A re-up is when an existing LP commits capital to a manager’s next fund. If an endowment invested in your Fund II and signs a subscription agreement for Fund III, that is a re-up. The term is shorthand for re-commitment, and the re-up rate, the percentage of existing LPs who come back for the next vintage, is one of the most important metrics in fundraising.
Re-ups are the foundation of efficient capital raising. An LP who has already been through your due diligence process, sat through your roadshow presentations, and watched your portfolio develop for three to five years requires a fraction of the effort to close compared to a brand-new relationship. They know your team, your process, and your returns. The re-up conversation is fundamentally different from a cold pitch. It is a performance review, not a sales meeting.
The re-up rate also functions as a signal to prospective LPs. When a new allocator is evaluating your fund, one of the first questions they will ask is how many of your existing LPs are coming back. A high re-up rate, above 70-80%, tells them that the people who know you best are voting with their wallets. A low re-up rate forces you to explain why, and those explanations rarely land well regardless of how legitimate the reasons are.

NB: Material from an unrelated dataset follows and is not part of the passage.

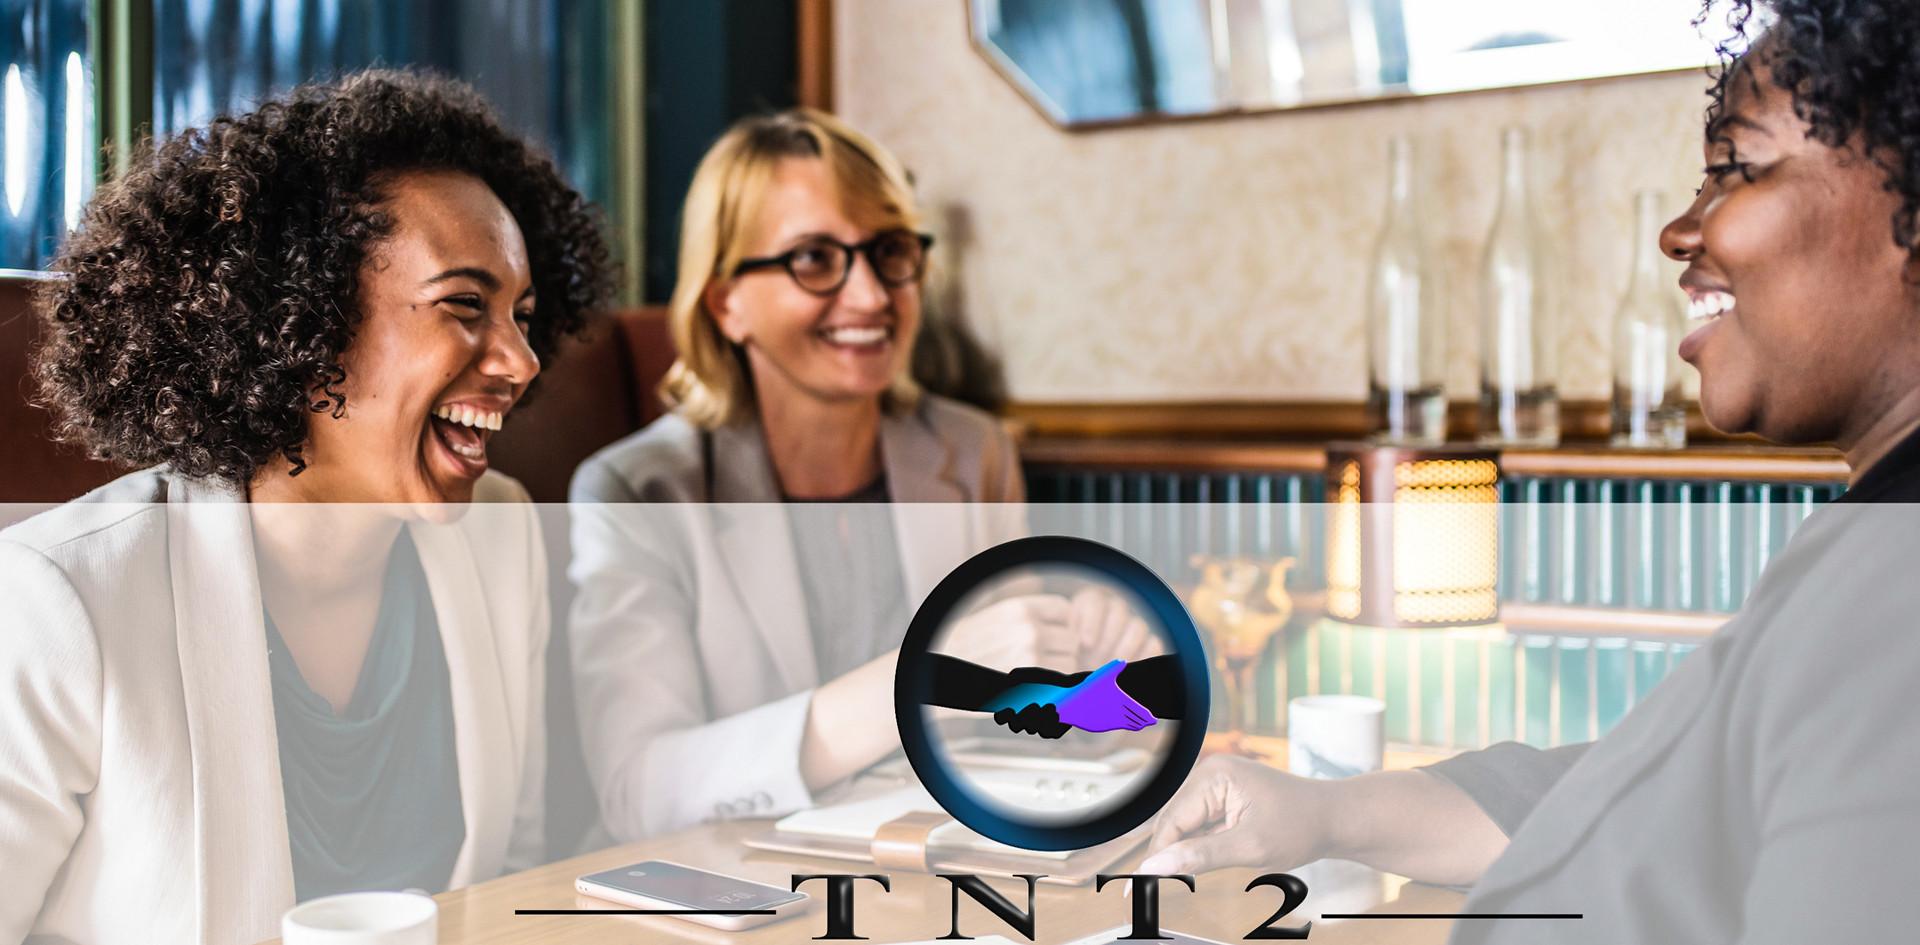 TNT2-1059112.jpg

What drives re-ups is not just performance. Returns matter, obviously. But LPs also weigh the quality of investor relations, the consistency of your strategy, the stability of your team, and whether you have honored the spirit of the LPA terms. A manager who delivered top-quartile returns but was difficult to work with, slow to report, or cavalier about side letter commitments will lose re-ups to a manager with slightly lower returns and a better partnership experience.

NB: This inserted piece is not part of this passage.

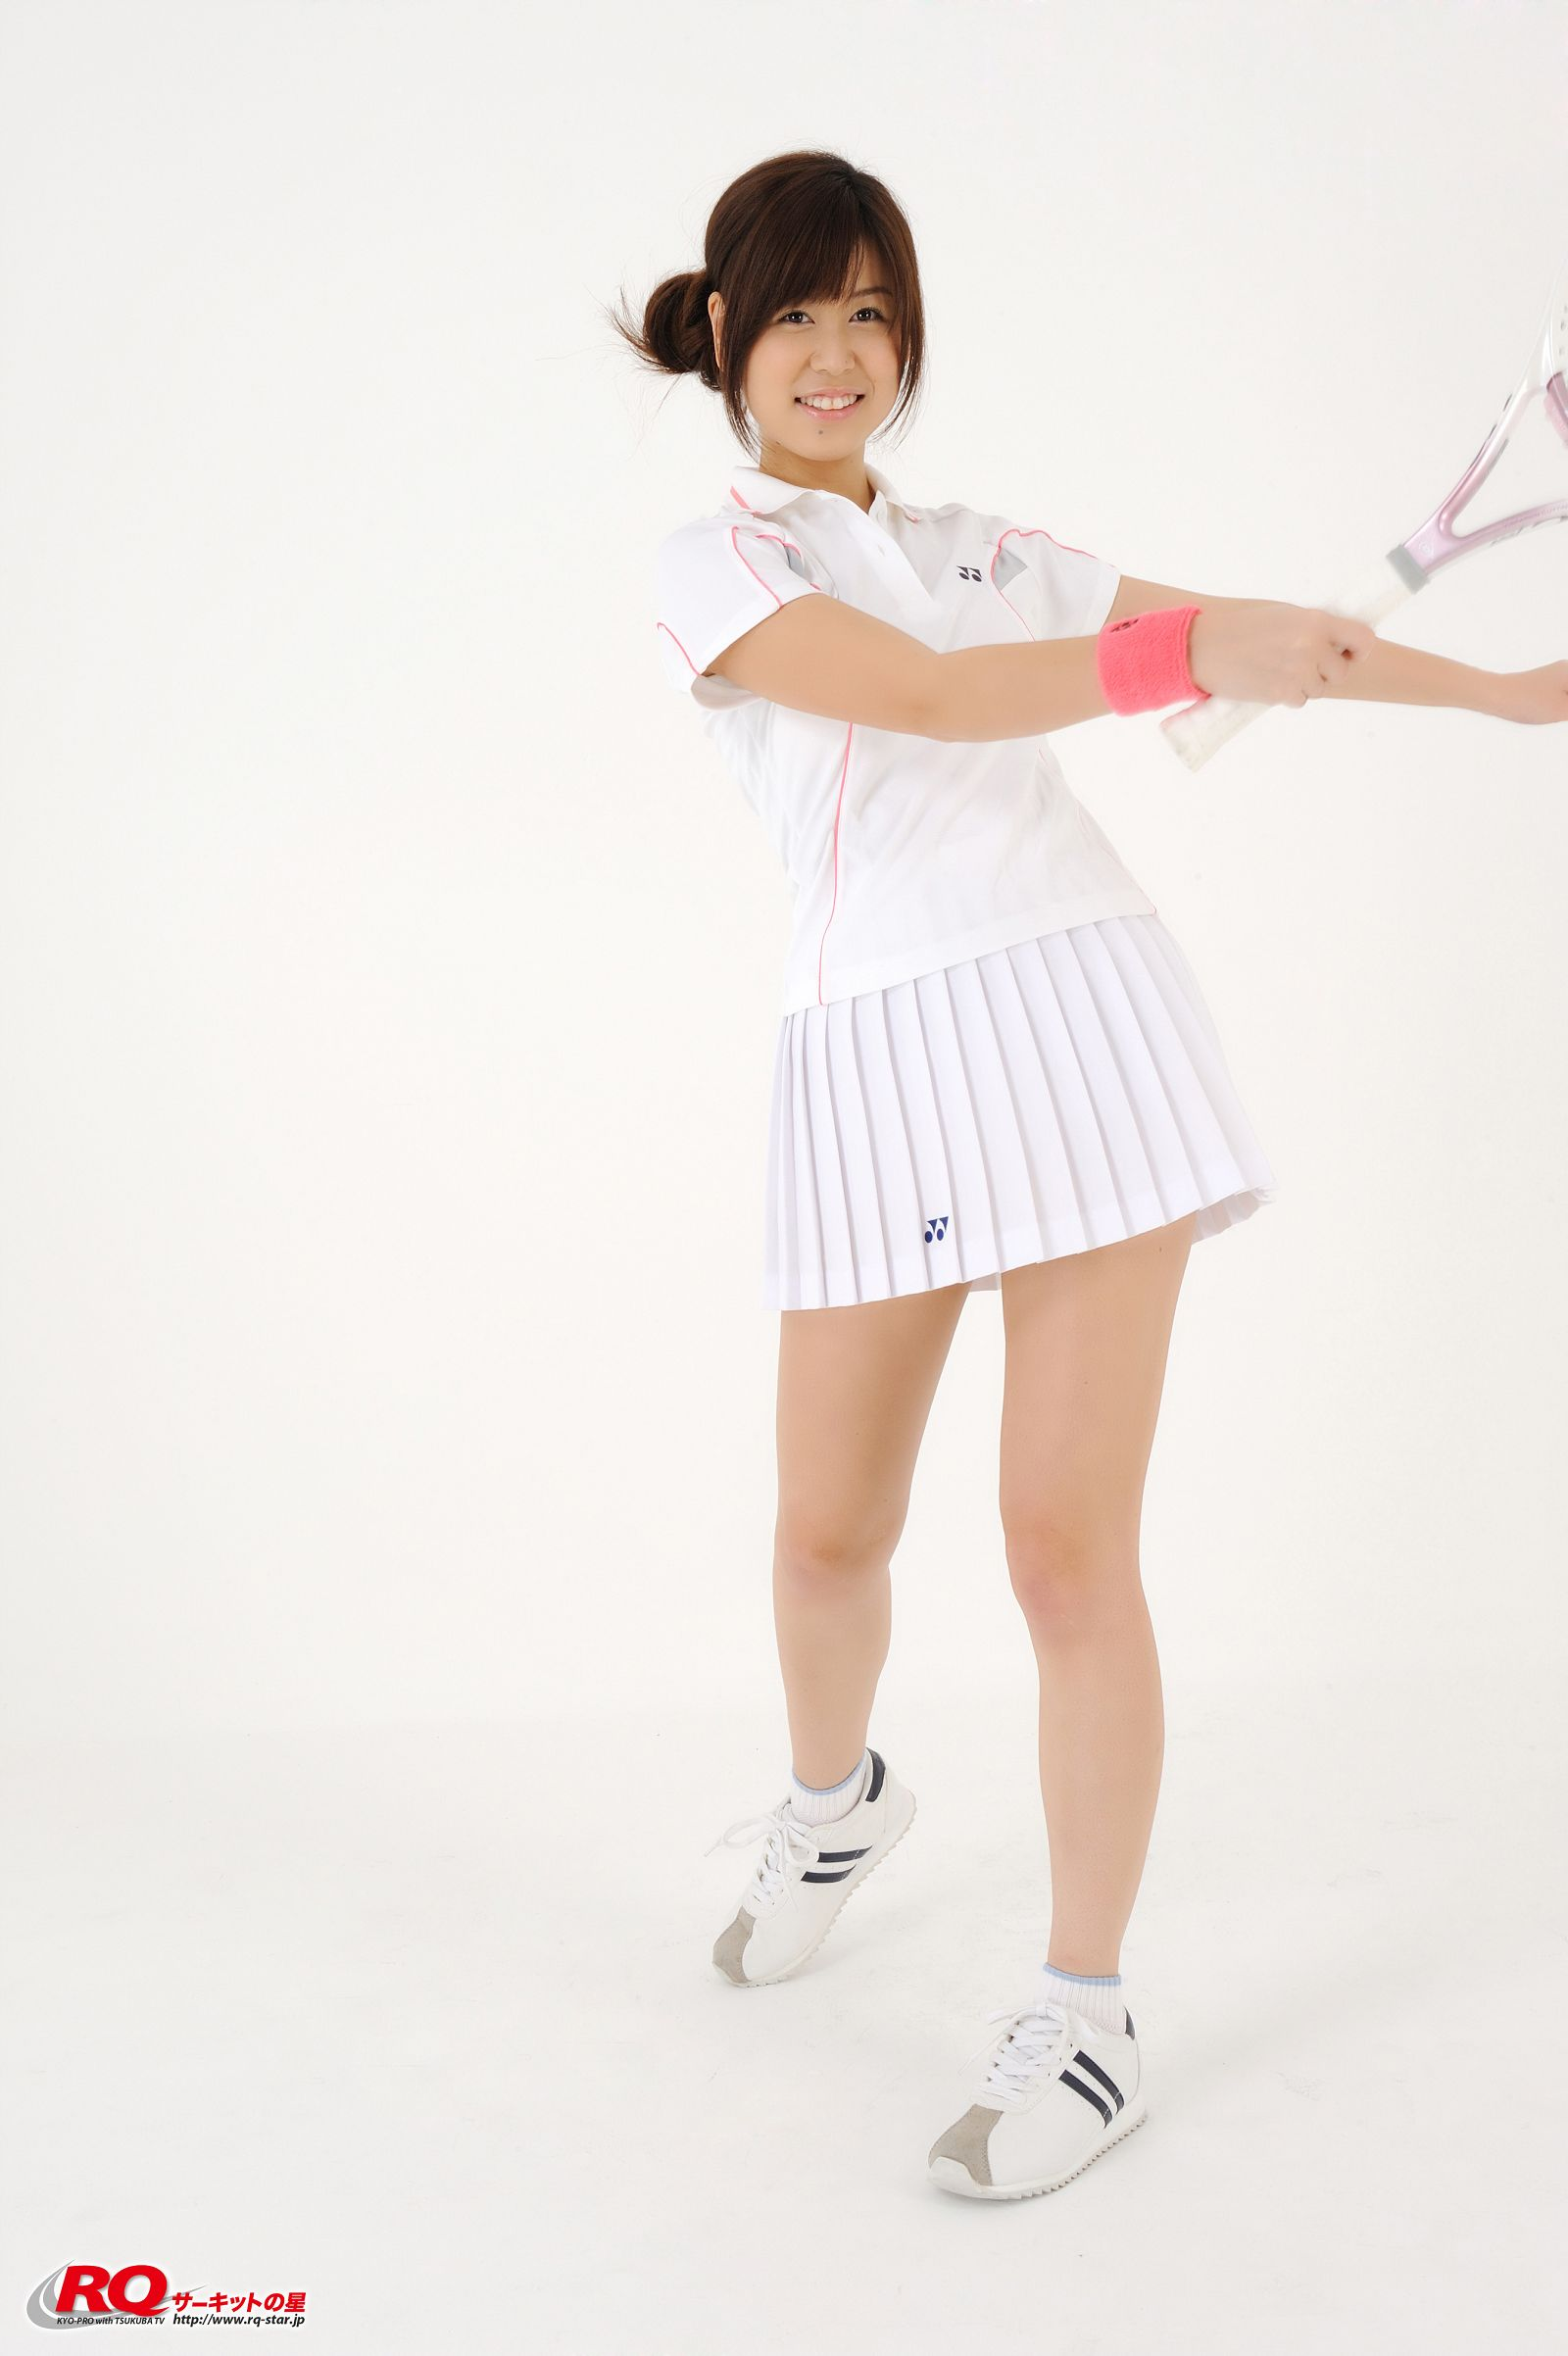 [RQ STAR美女] NO.01120 Airi Nagasaku 永作あいり Tennis Wea[50P] RQ STAR 第2张

Timing is critical. The re-up decision is not made when you launch your next fund. It is made over the entire life of the current fund. Every quarterly report, every capital call notice, every annual meeting is either building or eroding the LP’s confidence. By the time you formally ask for a re-up, the LP’s internal team should already be advocating for the commitment. If you are surprising them with the ask, you have waited too long.
Smart GPs also track which LPs are likely to increase their commitment, hold steady, or reduce. Not every re-up is the same size. An LP who committed $10 million to Fund I might commit $25 million to Fund II if the relationship and returns have been strong. Managing that upside is part of how experienced fundraisers grow fund size without proportionally growing the number of LP relationships.

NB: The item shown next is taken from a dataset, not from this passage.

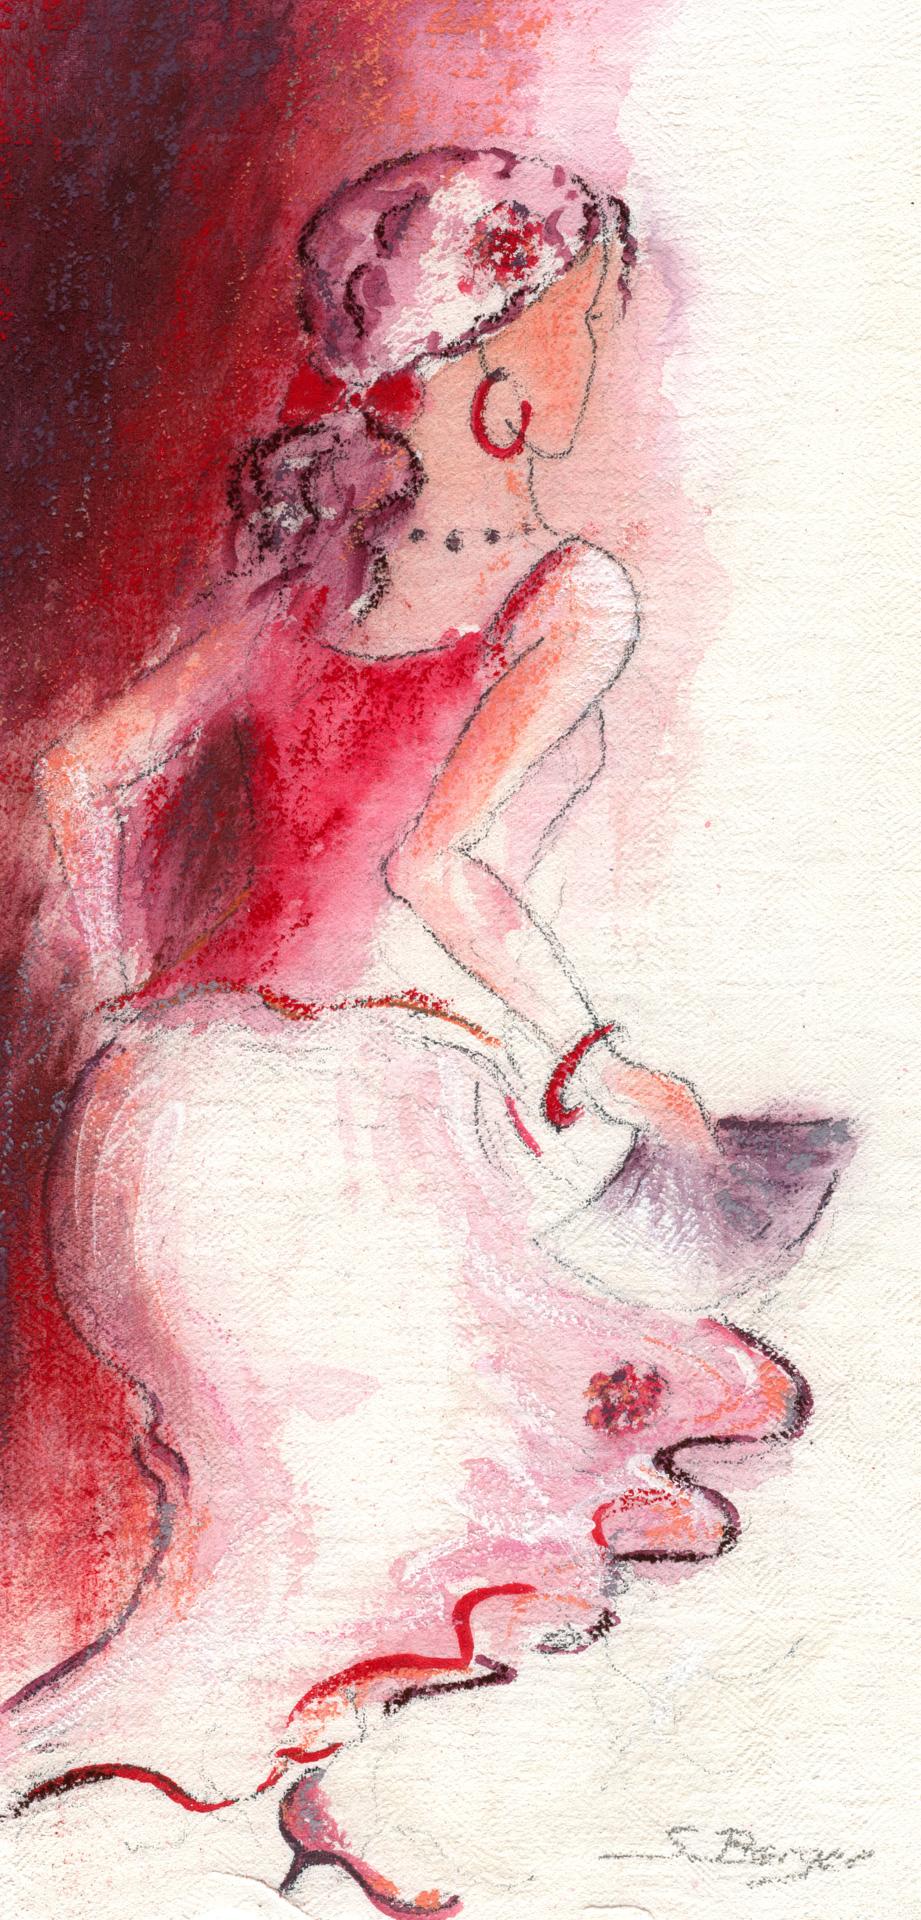 Flamenco, variation 1

Frequently Asked Questions
What is a good re-up rate?
A re-up rate above 70% is generally considered strong. Top-quartile managers often see 80-90% of their existing LPs commit to the next fund. A re-up rate below 50% is a red flag that prospective LPs will notice and ask about. The rate is one of the most watched signals of LP satisfaction and manager quality.
Why would an LP not re-up?
Common reasons include portfolio rebalancing (the LP is overweight to a particular strategy or vintage), a change in the LP's investment policy or leadership, dissatisfaction with fund performance, or concerns about team stability. Sometimes it is purely mechanical. A pension fund's private equity allocation is full and they cannot add new commitments regardless of manager quality.
When do GPs start the re-up conversation?
Smart GPs begin laying the groundwork years before the next fundraise. The re-up decision is influenced by every quarterly report, every capital call notice, and every annual meeting between Fund I and Fund II. The formal re-up ask typically happens six to twelve months before the next fund's first close, giving LPs time to run their internal approval process.